August 14, 1997 — Newington
Well I got a job. A temp job as a system operator for Watts FluidAir, some sort of pneumatic valve company across the bridge in Kittery, Maine. I went in for an interview yesterday and ended up staying and working the rest of the afternoon. Basically I control all the jobs running on their AS/400, I go through all the batch jobs and designate which printers they need to be spooled to, etc. I monitor usage and if someone is using too much CPU I re-route them to another. Kind of interesting when you think about it, I'm like the systems gatekeeper. But it probably can get kind of stressful if it gets busy and people start demanding where their printouts are or why the computer is running so slow. But so far it is kickback, I have spare time to read through the manuals.
     I work under this woman Paula who is probably getting close to retiring. She has been working with Watts for something like twenty years. It's a pretty deadbeat job but it's a job and it's $10/hr. so I can't complain. Actually it will work out perfectly because it will go for 3-5 weeks and by then hopefully I will have something. I won't be under so much stress to take the first thing I get. And I get to work 7-3:30 so it gives me an hour in the afternoon to make calls or interview.
     Finally, our bedder-½ is coming tomorrow. I really don't feel complete without her. She's the one thing I have to be thankful for. If it wasn't for her my life would really suck. She alone makes me feel lucky to be alive.

August 24, 1997 — Portsmouth, NH
Has ten days passed since I last wrote in here? A lot has happened. Bedder-½ came and we're living in our new place. I picked her up last Friday. Drove to Boston early to check it out. Complete hecticity, but still a cool city. Majorly overcrowded and terrible traffic. An over whelming sense of not being able to park anywhere and at the same time not being able to get anywhere. It was great to see bedder-½ after a 2 weeks absence.
     I don't even remember what we did last weekend. We walked over bridges and stared at the water. Water is still such a noverlty to us. We explored around Portsmouth, I showed her our place from the outside. Then we moved in on Monday. I worked all week. After work on Monday we got the keys and I made runs to U-haul until it closed. Up three or four flights of stairs with all our stuff. Major gain in potential energy. Let's say 2000 kilos, 10 meters up, at 9.8 m/s2 that's 200,000 newtons of energy I stored in our apartment. It's awesome. The coolest place I've ever lived. But it was a pain getting everything up the narrow stairwell and parking on the street is going to be a pain as well. Didn't finish on Monday so I finished Tuesday. After an interview I had at four with George Carey. He is vice president of a company right here in Portsmouth that makes software for the hotel industry. It's actually pretty cool. And it would be awesome to work there as it is only a few blocks away and it is a kickback place. But he was a little discouraging, kept saying that they needed somebody that would be available right away, that wouldn't require too much training. But maybe they would take on somebody that would be more of a long-term investment. Haven't heard from him since.

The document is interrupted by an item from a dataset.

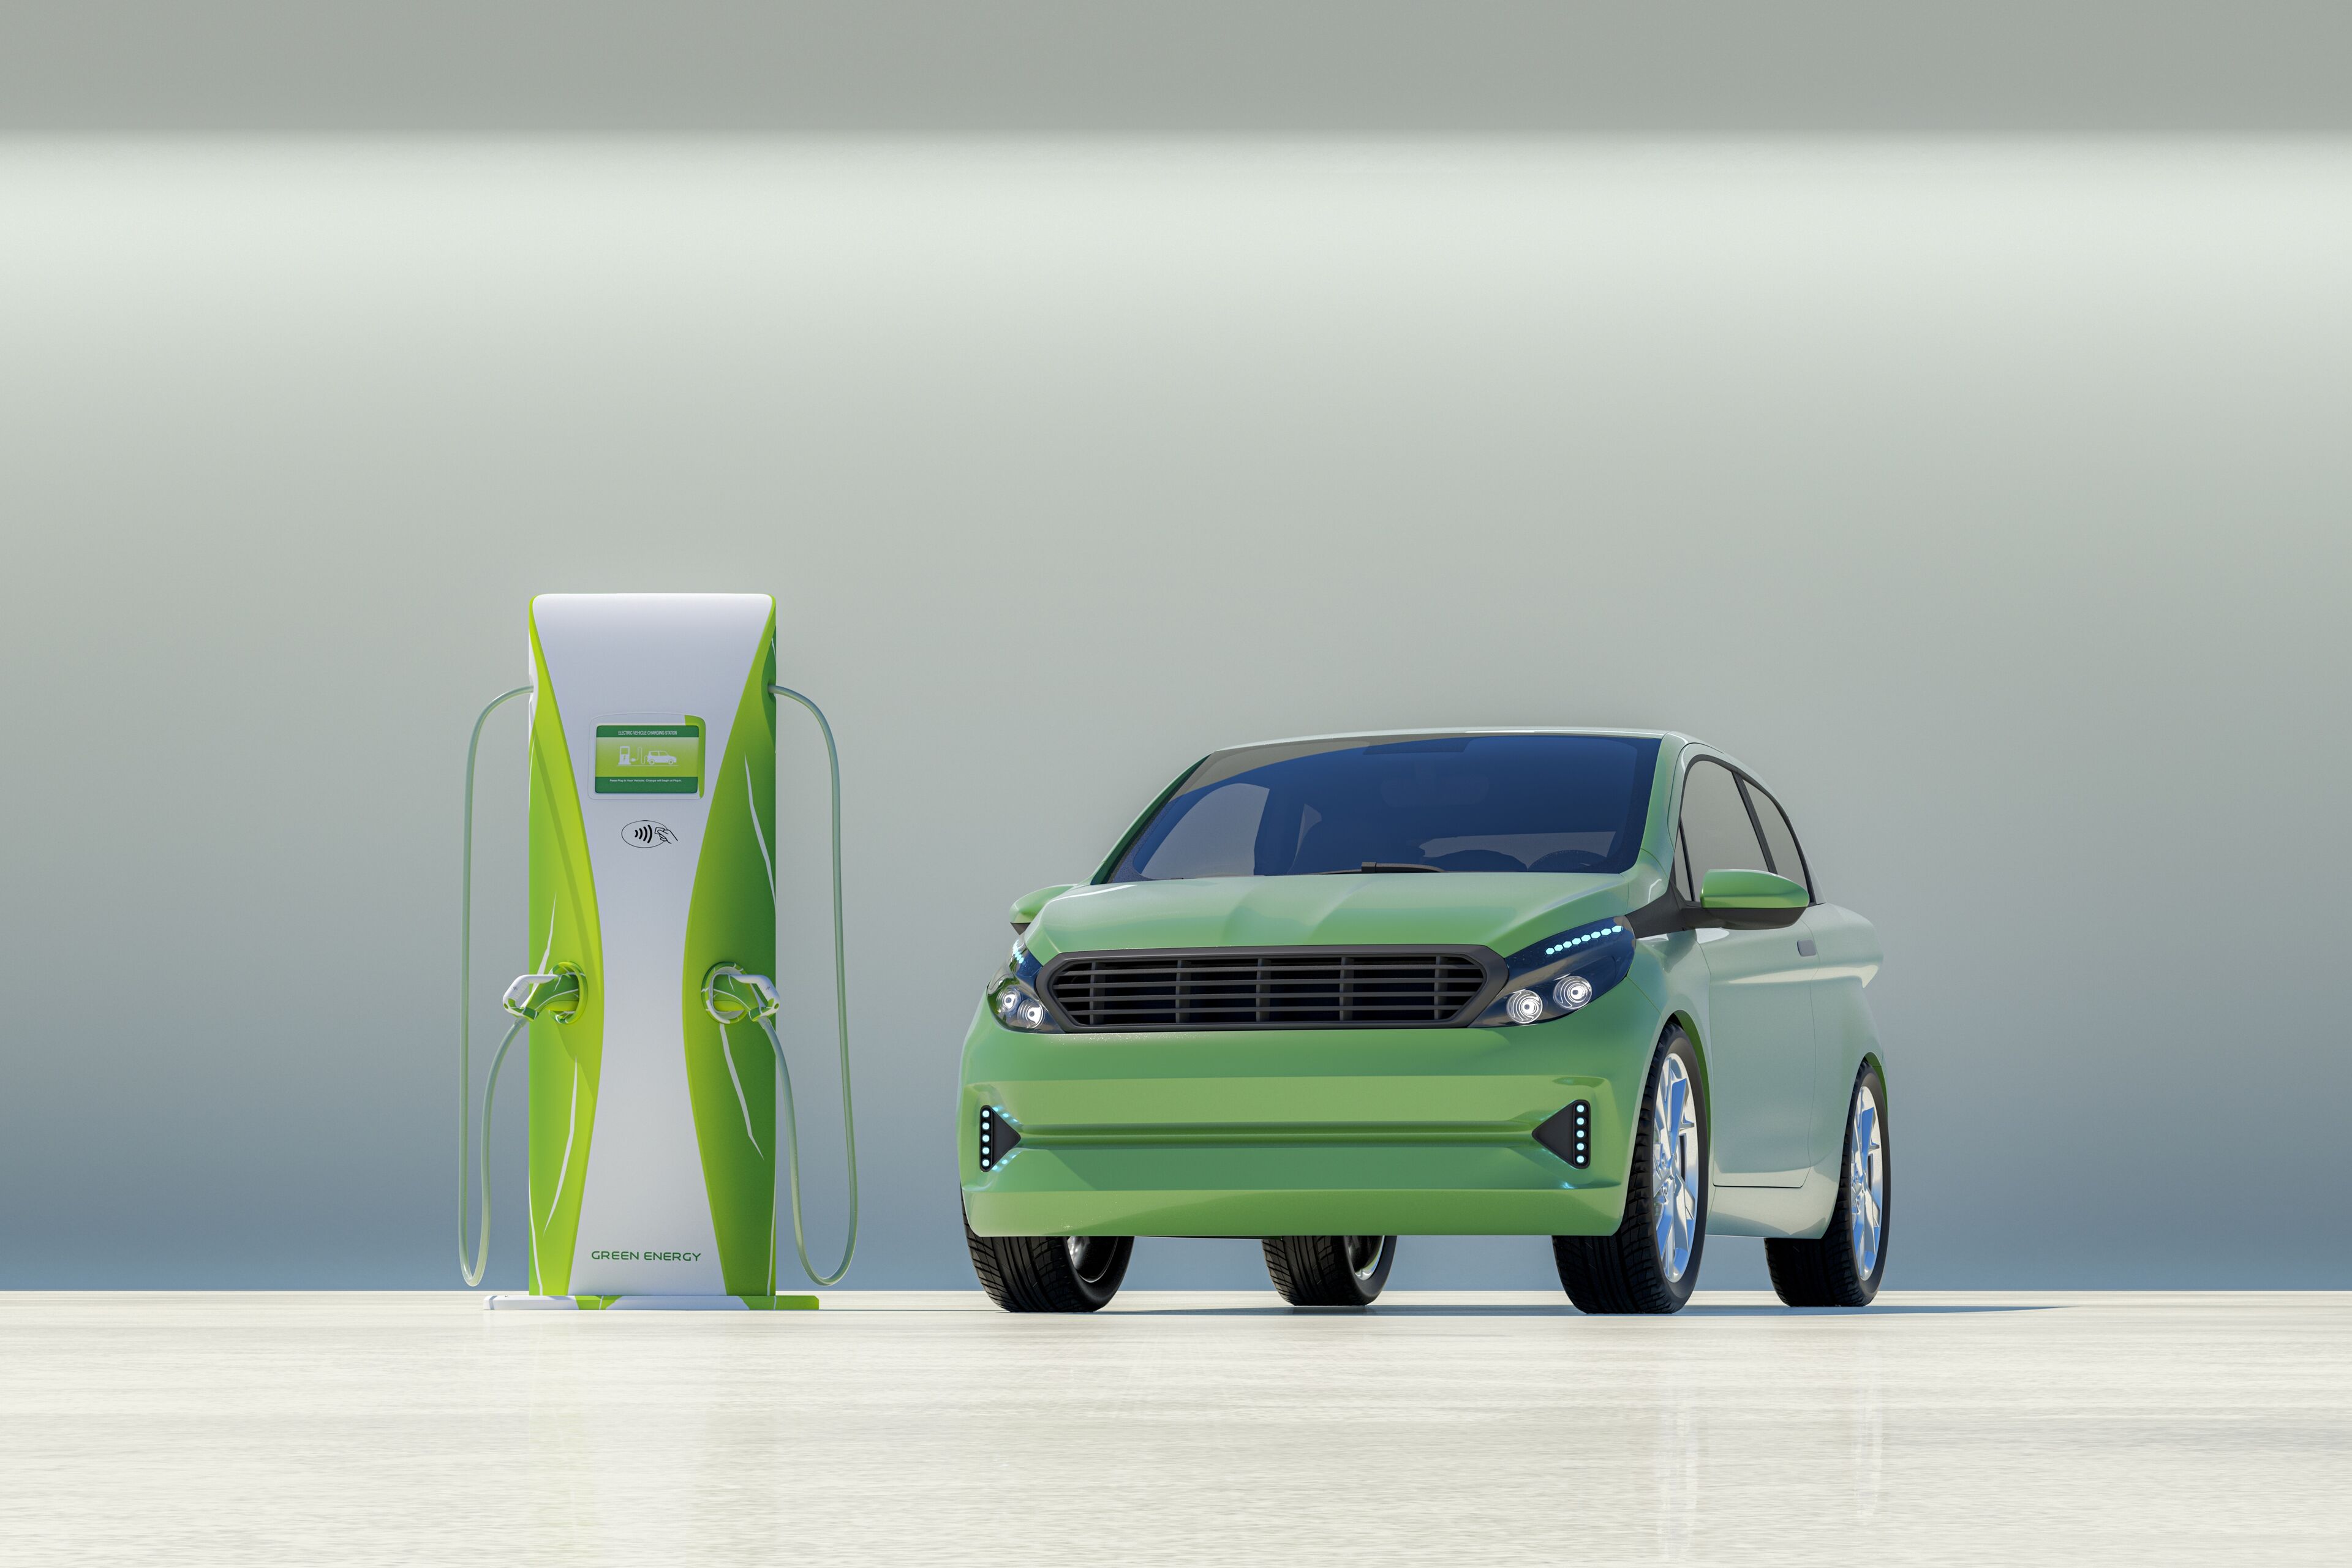 Un moderno coche eléctrico verde conectado a una estación de carga verde vibrante, simbolizando el transporte ecológico.

     Wednesday I had an interview in Boston with Bechtel. Everything seems awesome about the job. It's for an environmental engineer monitoring noise on the Central Artery project. It's the biggest public works going on in the country right now. I experienced it firsthand going into the city. I gave myself plenty of time and thought I would be early until I hit the gridlock of downtown traffic and tried to park. It's complete hell. It's like a bomb hit the downtown. That's the Central Artery project. But the disadvantages of the job are that it is in Boston and I would have to do that commute. The hours would be irregular, sometimes I'd have to work the night shift, or start at six in the morning, so it would be hard to take a bus or train.     

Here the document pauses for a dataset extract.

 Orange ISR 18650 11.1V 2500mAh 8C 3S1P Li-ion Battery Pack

     I interviewed first with the H.R. person and then she sent me over to meet with these two other guys and they really grilled me, sitting on either side of me. But they seemed to like me. I have good qualifications for the job. Field work experience yet a technical background. I could've kicked myself for forgetting some important information. He asked me what construction experience I had and I completely neglected to mention my most recent surveying work. That probably would've looked good, but I forgot. I was nervous, I had been held up in traffic, couldn't find parking, had to run to get there on time. I wasn't used to wearing a suit and tie, so it was hot and stuffy and I was sweating buckets. Had a sort of out of body panic attack like "who am I and what is this place I am interviewing at," sort of like that Talking Heads song. Not sure I would want to work in that environment, but I can't be choosey.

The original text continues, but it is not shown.